L.A. Board OKs Pact, Pay Boost for Teachers
The Los Angeles school board officially approved a new contract for the city’s teachers Monday, one that brings their total pay raise to 31.5% over the last three years.
Just three years ago, teachers were bemoaning salaries that started as low as $13,700, and district officials were predicting a dire shortage of new instructors.
But since then, the state has pumped an extra $4.2 billion into the public schools. As a result, the minimum salary in Los Angeles has risen to $20,298 under the contract approved Monday. A teacher with 10 years of experience and a master’s degree will earn $37,424 this year.
Teachers at the lower end of the scale received a 6.4% increase, while those at the top will get 7.4%, with both increases retroactive to last July.
Aggressive Recruitings
Thanks to the higher salaries and what officials call “an aggressive recruiting effort,” the huge district has also been able to hire all the teachers it needs.

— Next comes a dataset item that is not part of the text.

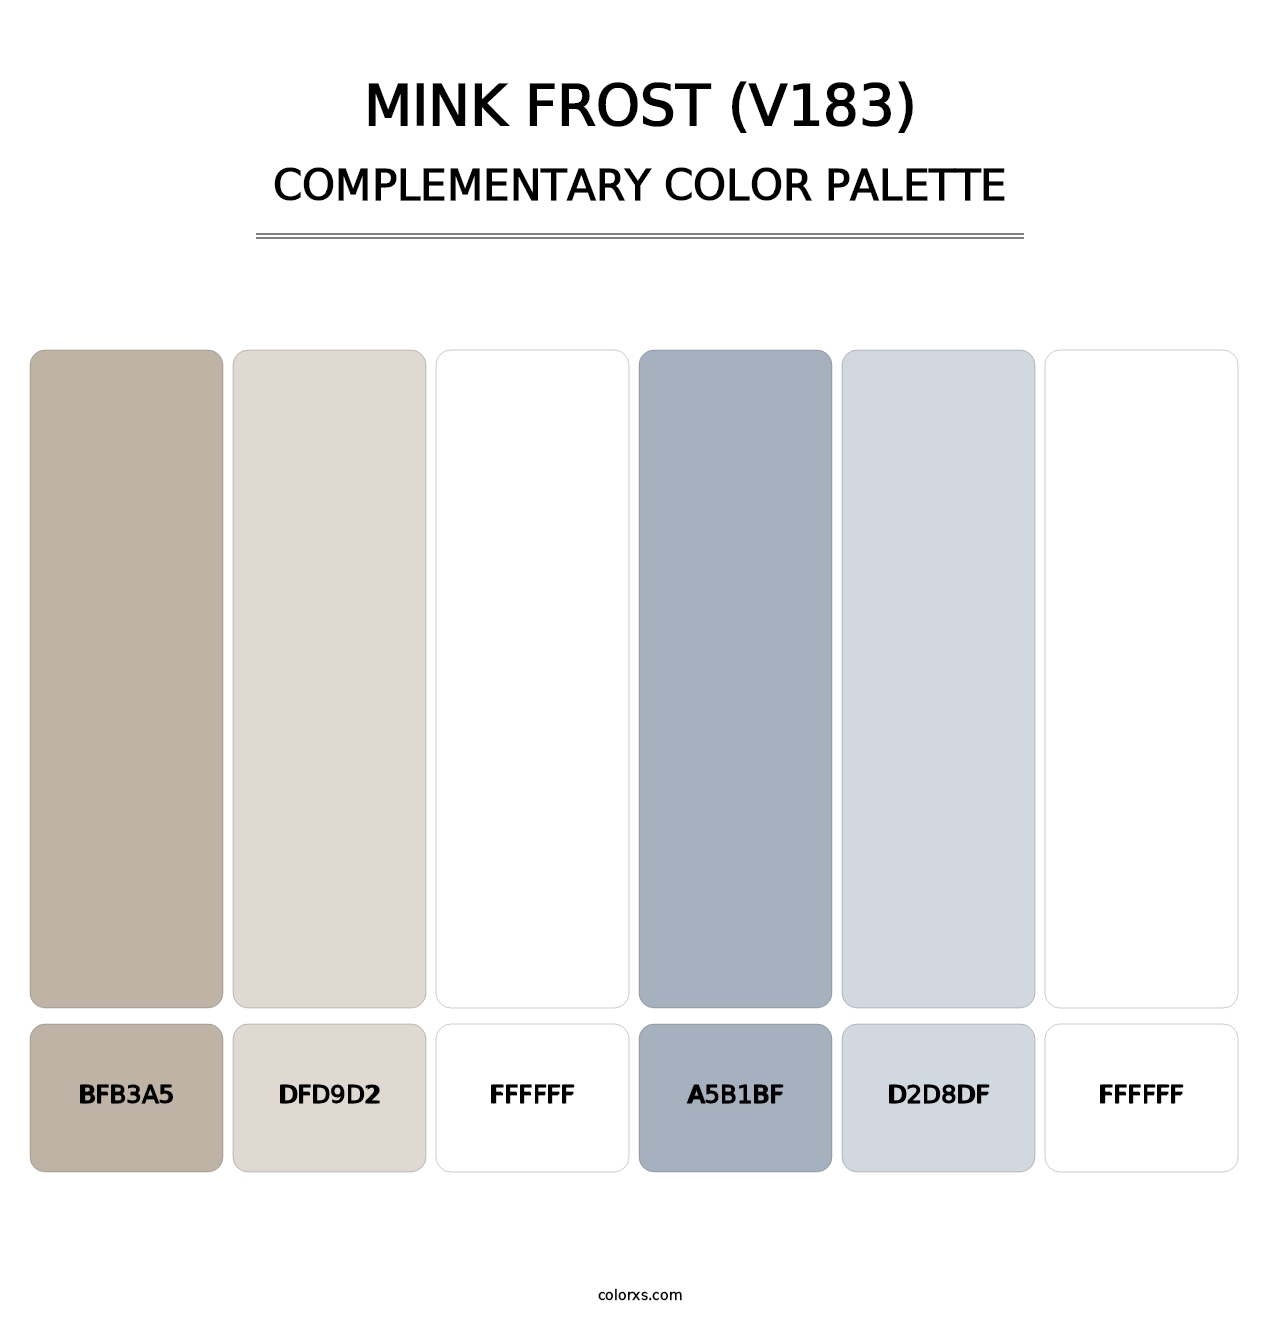 Mink Frost (V183) - Complementary Color Palette

“We actually over-hired in the fall,” school spokesman William Rivera said. “We have about 150 teachers in a reserve pool who are being used as substitutes.”
The district’s administrators will also get a 7.4% raise.
“We have the union to thank for that,” Rivera commented, since the pay raise for administrators is tied to the rate negotiated by the United Teachers of Los Angeles.
The increase will keep school Supt. Harry Handler the nation’s highest paid superintendent. Last year, Handler earned $113,731, the top salary among school officials, according to a national survey by the Executive Educator magazine, and the latest raise will bring his salary up to $122,147.
But despite the higher salaries, teachers are not all that happy, according to union officials.
Low Teacher Morale
“Morale is still very low among teachers,” union President Wayne Johnson said. “I think most teachers view the contract as a good one, but there’s a feeling there is too much needless paper work. We get a lot of complaints about that. And teachers also feel they have little or no say in their own profession.”
As for the $63-million contract just negotiated, Johnson said: “We would like to have had more (for salaries.) We hope the lottery money will yield something more this spring.”
The district is expecting to receive at least $25 million from lottery proceeds in February, and the teachers union says it would like some of that money paid out to its members.
However, the school board has not determined yet how it will spend its share of the gambling revenue.
Statewide, salary increases for teachers have averaged 6.6% in 1984, 9.2% in 1985 and are expected to be about 6.5% in 1986, according to the California Teachers Assn.
“We’ve done pretty well on the whole,” said Ralph Flynn, executive director of the state’s largest teachers union, although he added that Gov. George Deukmejian should not get the credit for the increased financing for education.
“What he’s done is the minimum, given the climate in the state,” Flynn said. “The state’s been in fat city for three years, and what we’ve received is the minimum possible, and that came grudgingly.”
Refuses to Meet
Deukmejian has refused to meet with officials from the state teachers union, and on Saturday, Los Angeles Mayor Tom Bradley called the governor a “political Scrooge” in a speech to the meeting of the teachers association in Burlingame.
And not all of the contracts have been settled as amiably as the one in Los Angeles, union officials noted. Teachers in Long Beach and San Diego have reached an impasse in contract talks with their school boards, while teachers in Oakland are on strike, Flynn said.
Even the Beverly Hills school district is having its problems.
“We’ve taken a strike vote, and if the school board votes to unilaterally impose a contract, we’ll walk out,” said Jacques Bernier, executive director of the Beverly Hills Education Assn.
No Offer Yet
Beverly Hills school officials say they have not offered teachers a salary increase as yet, but don’t plan to unilaterally impose a settlement, according to Joan Perlof, a district spokeswoman.
“We have traditionally granted larger than average raises and have been able to pay for it out of our reserve,” Perlof said. But since the district will run a $3-million deficit this year, she said, the teachers’ demands “were way out of line. I think now we’re ready to begin more realistic negotiations.”